-- Opening Marker --
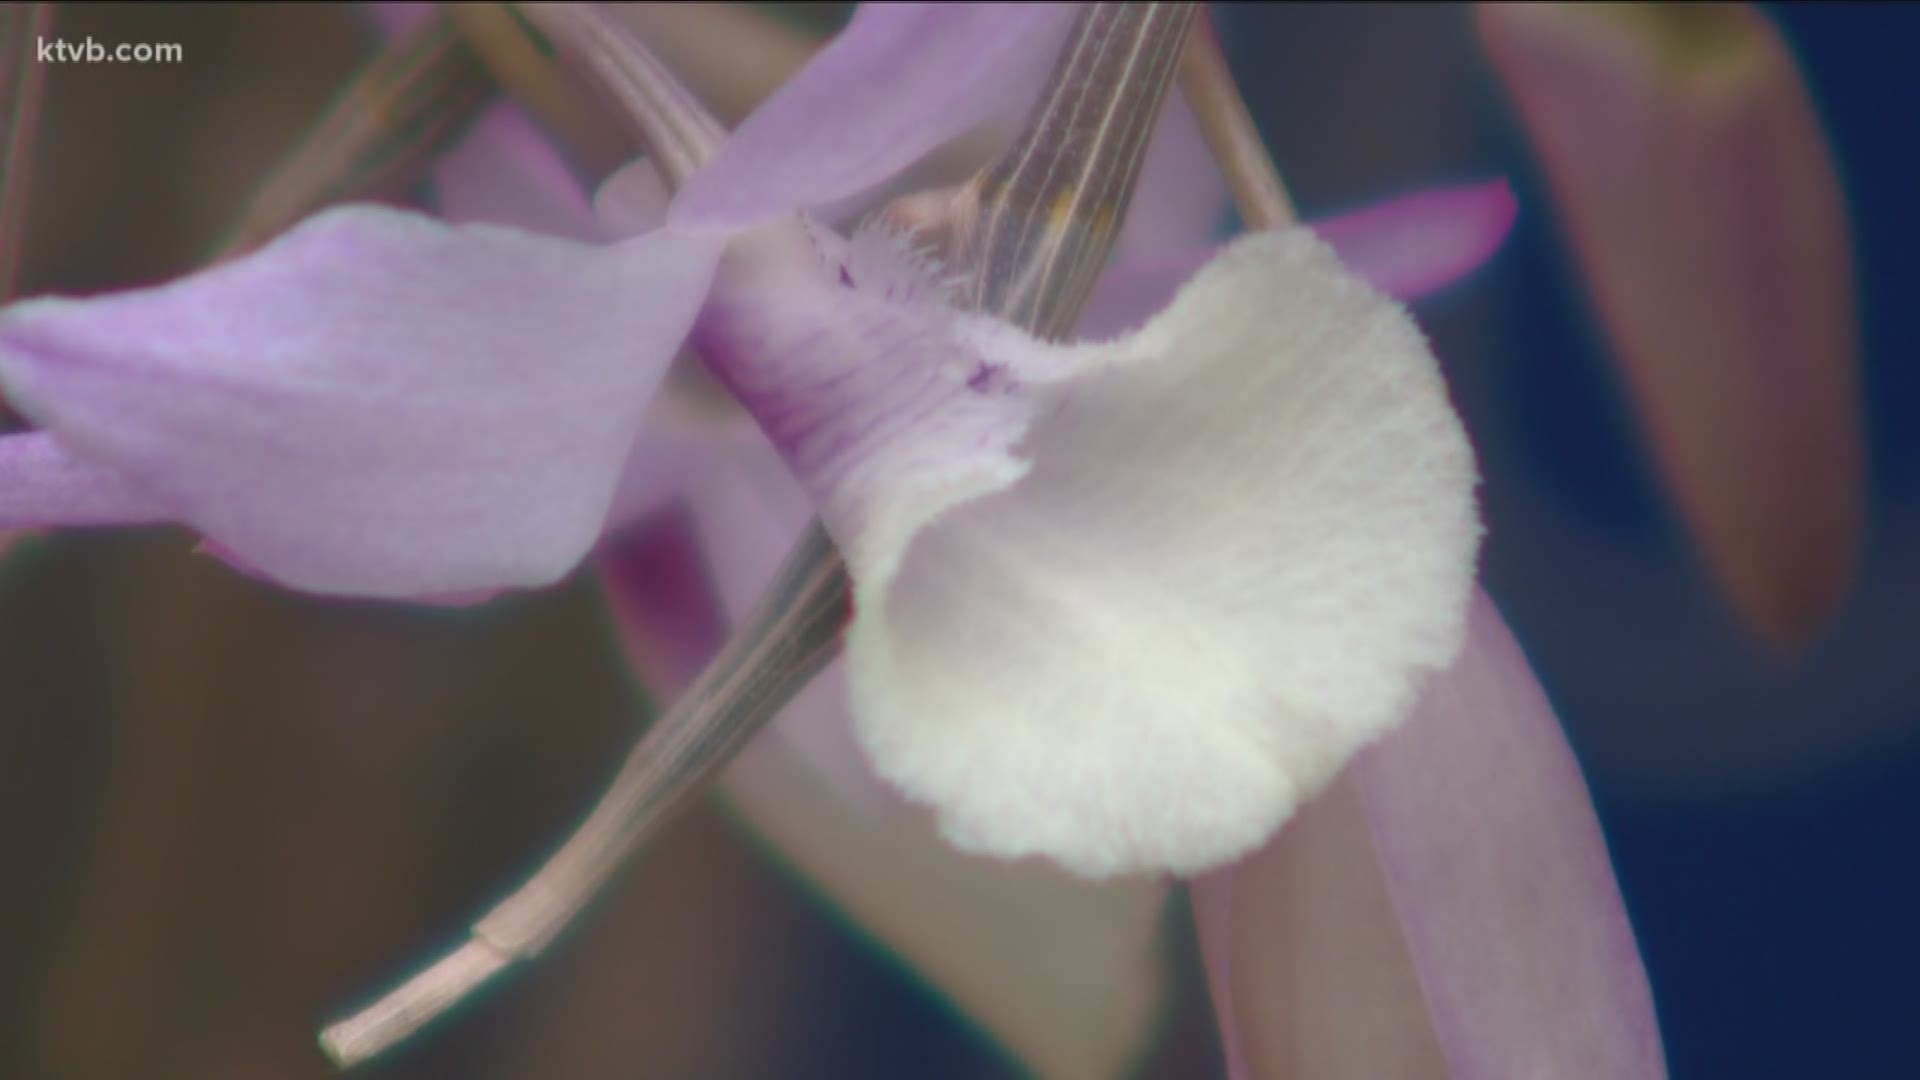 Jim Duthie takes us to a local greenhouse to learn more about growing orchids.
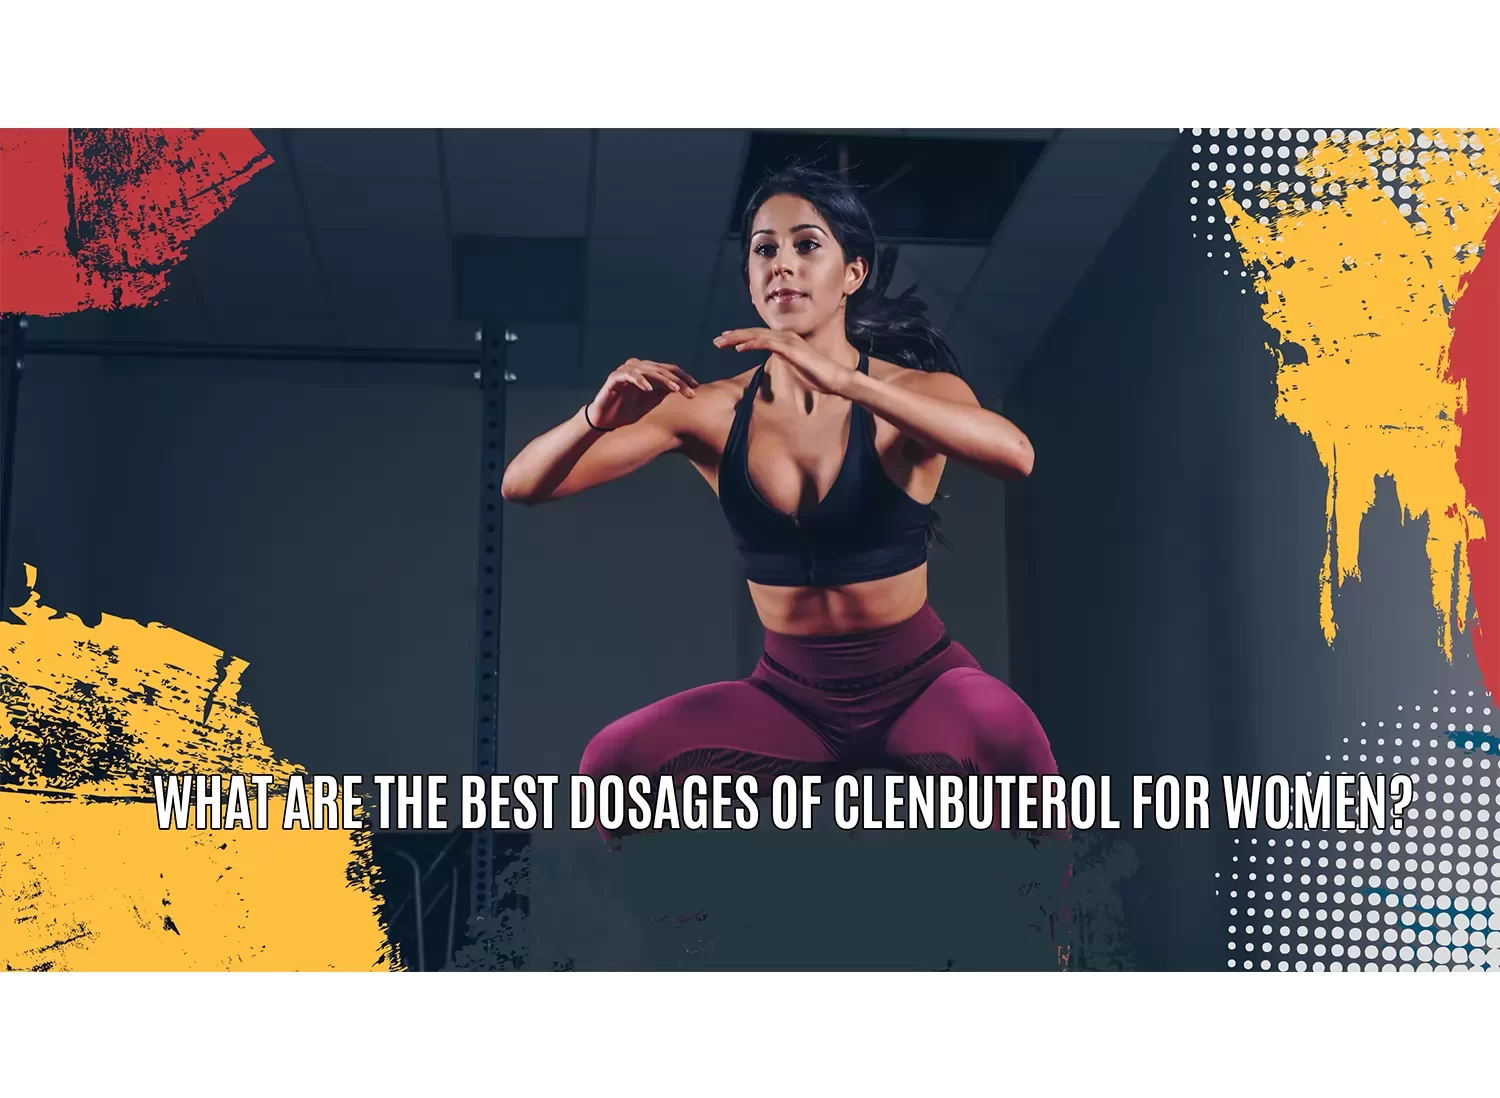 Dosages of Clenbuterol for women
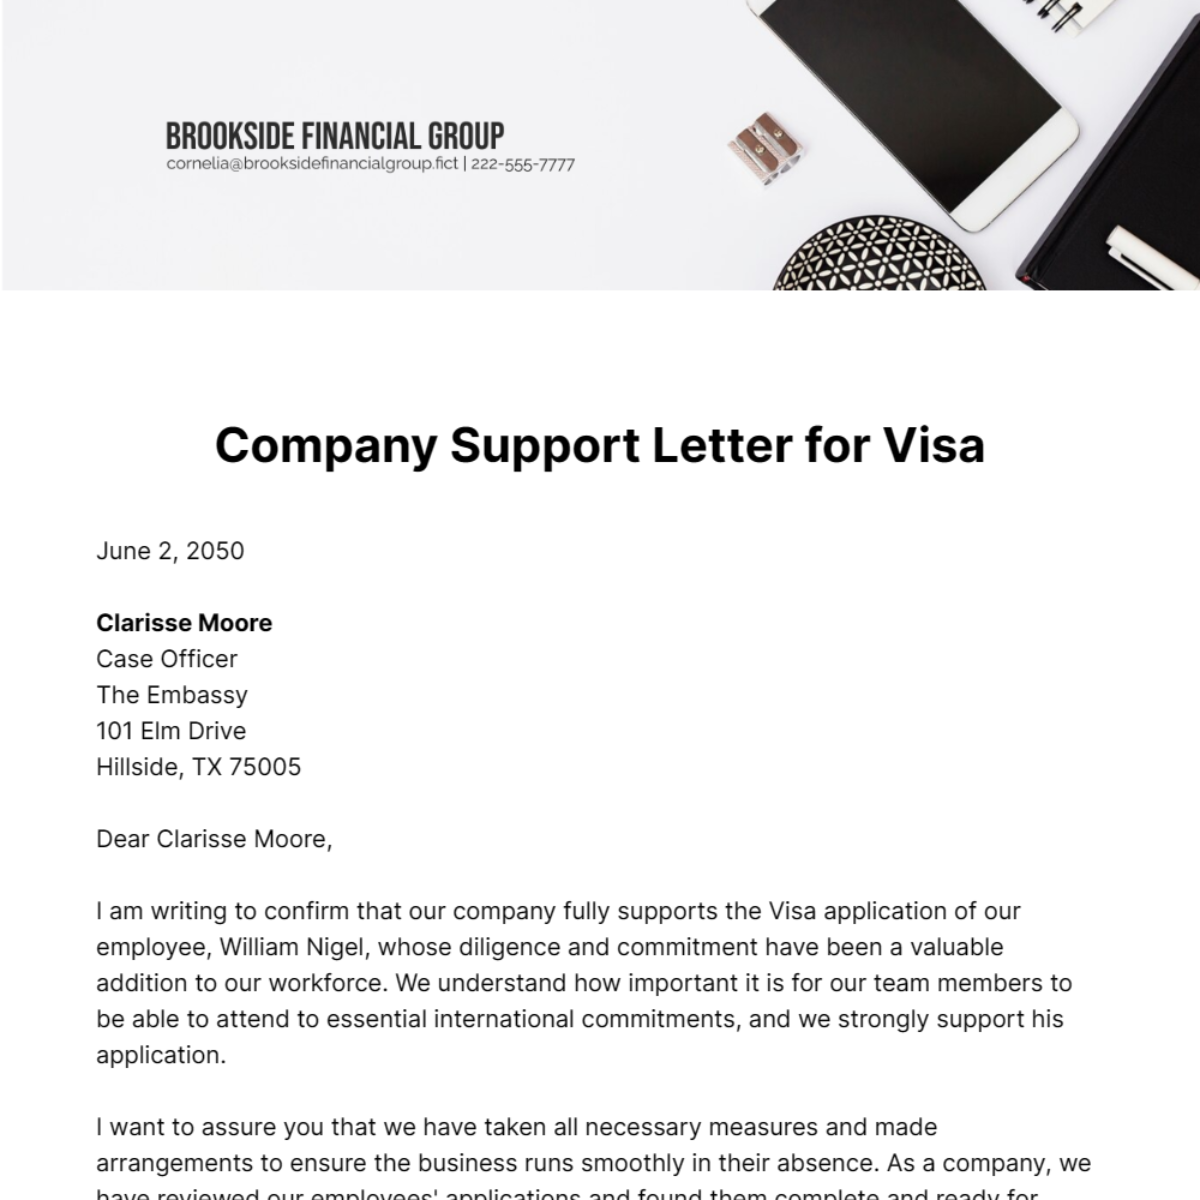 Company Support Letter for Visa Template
-- Closing Marker --
Task instructions:
Repeat each line above exactly as it reads, omitting any pictures.

Expected answer:
 Jim Duthie takes us to a local greenhouse to learn more about growing orchids.
 Dosages of Clenbuterol for women
 Company Support Letter for Visa Template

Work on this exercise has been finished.